顧言微跟在小蠻身後,小心翼翼地走在蜿蜒小徑上,目光裏滿是新鮮與好奇。
“小心,這裏路很滑。”小蠻回頭叮囑,順手撥開一叢垂下的枝條。
她目光敏銳地掃過路旁,忽然在一處爬滿藤蔓的山坡前停下,臉上滿是喜悅,“微微你看,這個就是金銀花!”
顧言微湊上前,隻見綠色的藤蔓間綴滿了一簇簇黃白相間的小花,形態纖長。
“這些白色的是才開的。”小蠻指尖輕點,又轉向另一邊,“這些開得久些,就變成金黃色了。”

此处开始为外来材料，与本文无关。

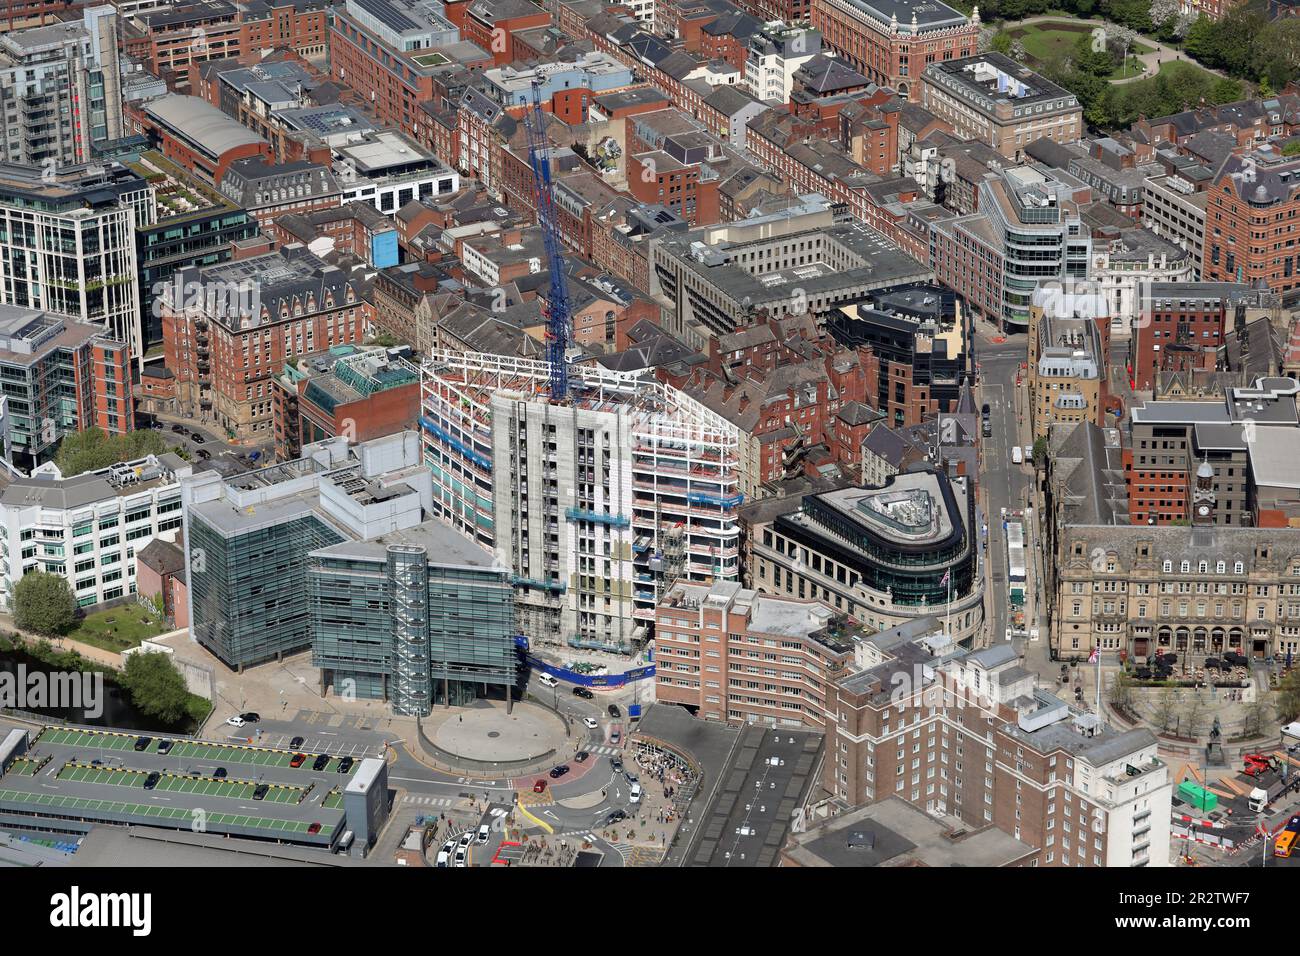 Luftblick auf das Stadtzentrum von Leeds mit Blick auf den Nordwesten vom City Square auf die Quebec Street & Infirmary Street, Leeds, West Yorkshire Stockfoto

她利落地取下藥簍,開始采摘那些含苞待放的花蕾,“這個時節的花蕾最好,摘了回去曬幹,泡水喝最能解暑清熱。”
顧言微認真聽著,將這些特征默默記下。
她轉身,注意到不遠處另一叢植物,葉片寬大,散發著一股獨特的清冽香氣。
“小蠻,那這個呢?聞著很特別。”
小蠻抬頭一看,笑著說道:“呀!這是藿香,也是好東西。夏天中了濕氣,頭暈胸悶,可以用它煮水喝。”
她說著,手腳麻利地分了一部分藿香給顧言微,“你來摘這個,它的葉子嫩莖都能用。”
顧言微學著樣子,小心地掐下藿香的嫩梢。
小蠻在一旁看著,連連點頭,“不錯不錯,微微果然聰明。”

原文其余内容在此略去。